* **WORK INSTRUCTION**:
From the records below, copy out exactly the lines from the one containing "Hot Sale Car" to the one containing "Michael Schumacher, Ferrari, Imola, 2002", both included. Add nothing else.

* **GIVEN DATA**:
• • • •

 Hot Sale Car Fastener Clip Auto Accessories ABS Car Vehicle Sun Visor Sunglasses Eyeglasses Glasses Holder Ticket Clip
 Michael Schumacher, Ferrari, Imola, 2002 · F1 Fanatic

• • • •

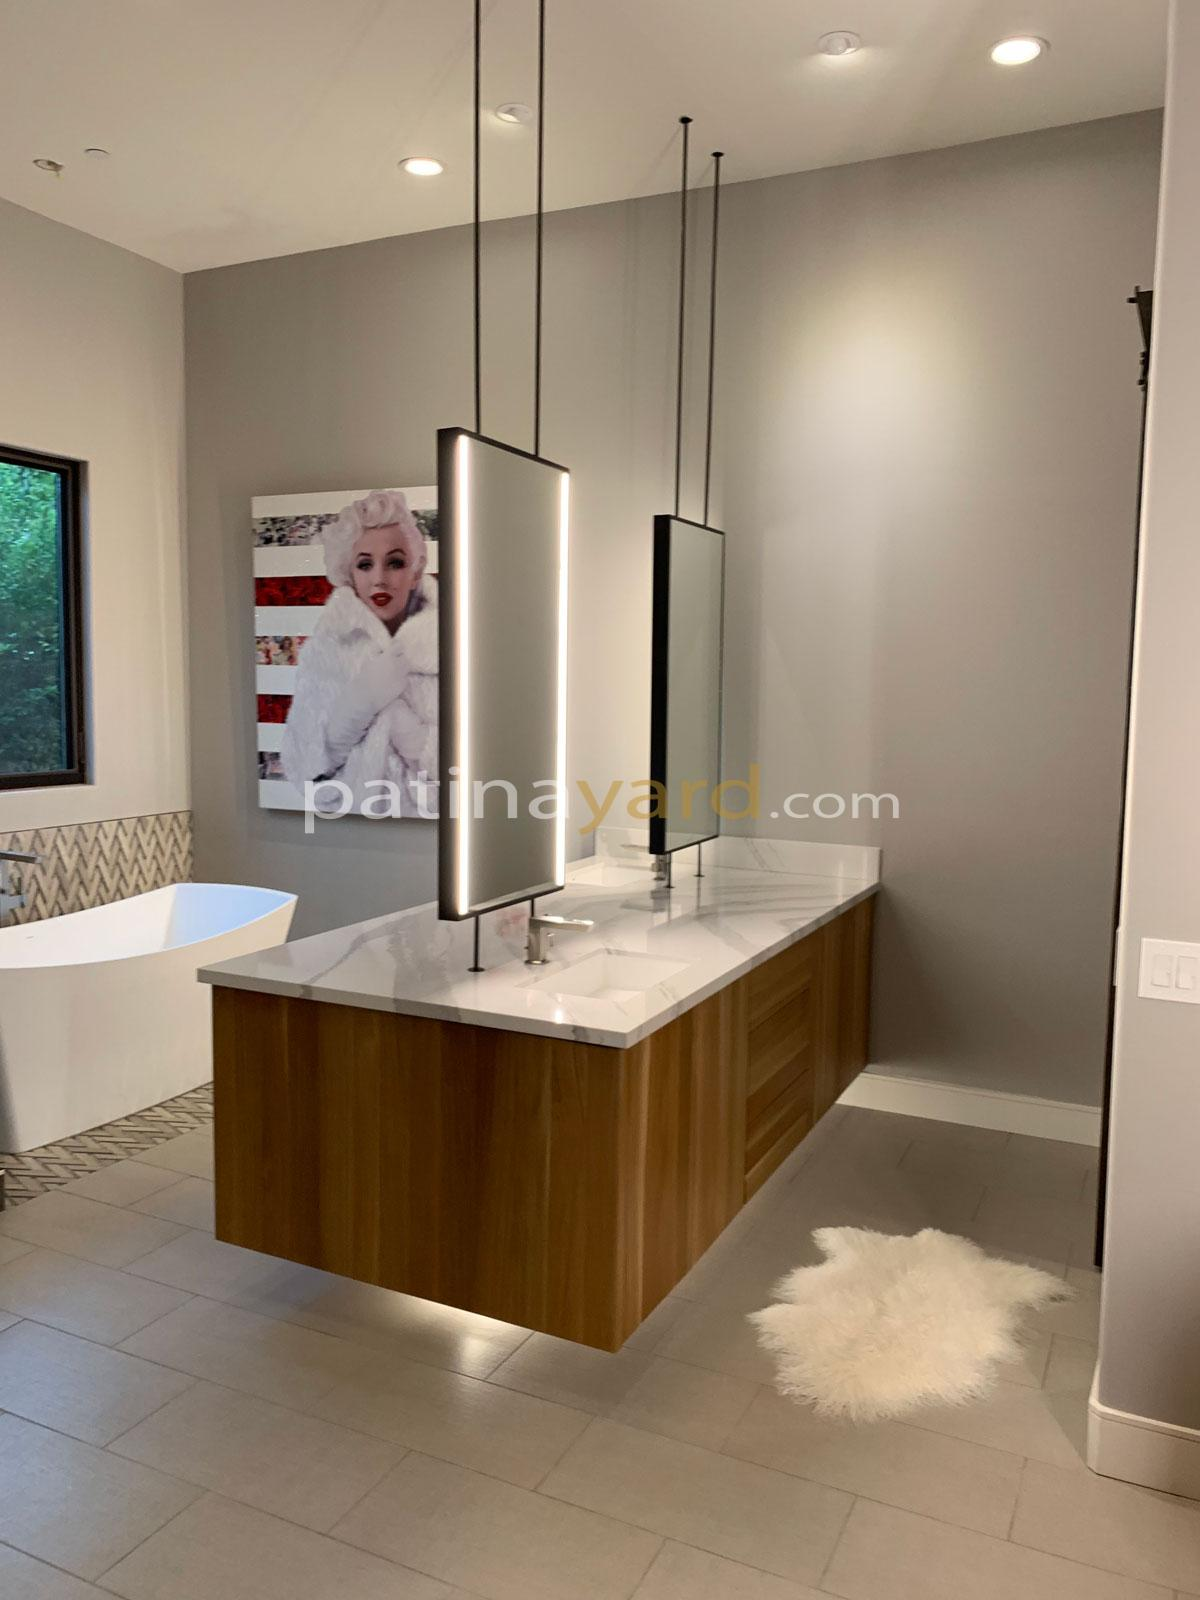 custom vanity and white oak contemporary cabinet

• • • •

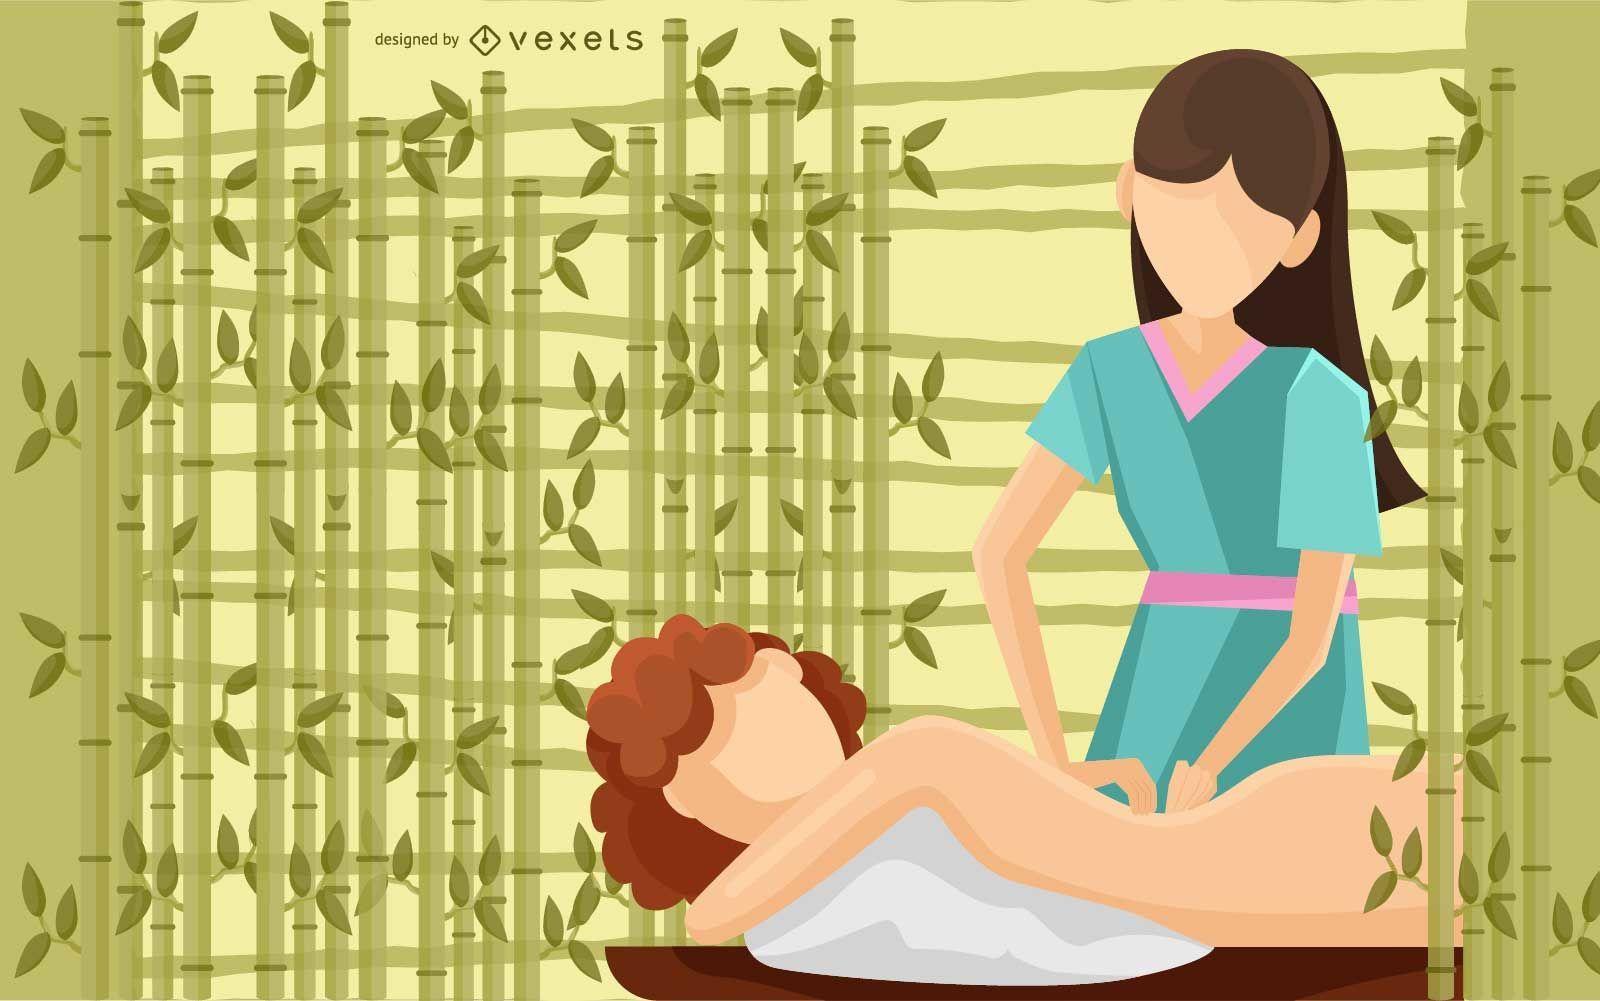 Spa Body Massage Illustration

• • • •

* **OUTPUT OF THE TASK**:
 Hot Sale Car Fastener Clip Auto Accessories ABS Car Vehicle Sun Visor Sunglasses Eyeglasses Glasses Holder Ticket Clip
 Michael Schumacher, Ferrari, Imola, 2002 · F1 Fanatic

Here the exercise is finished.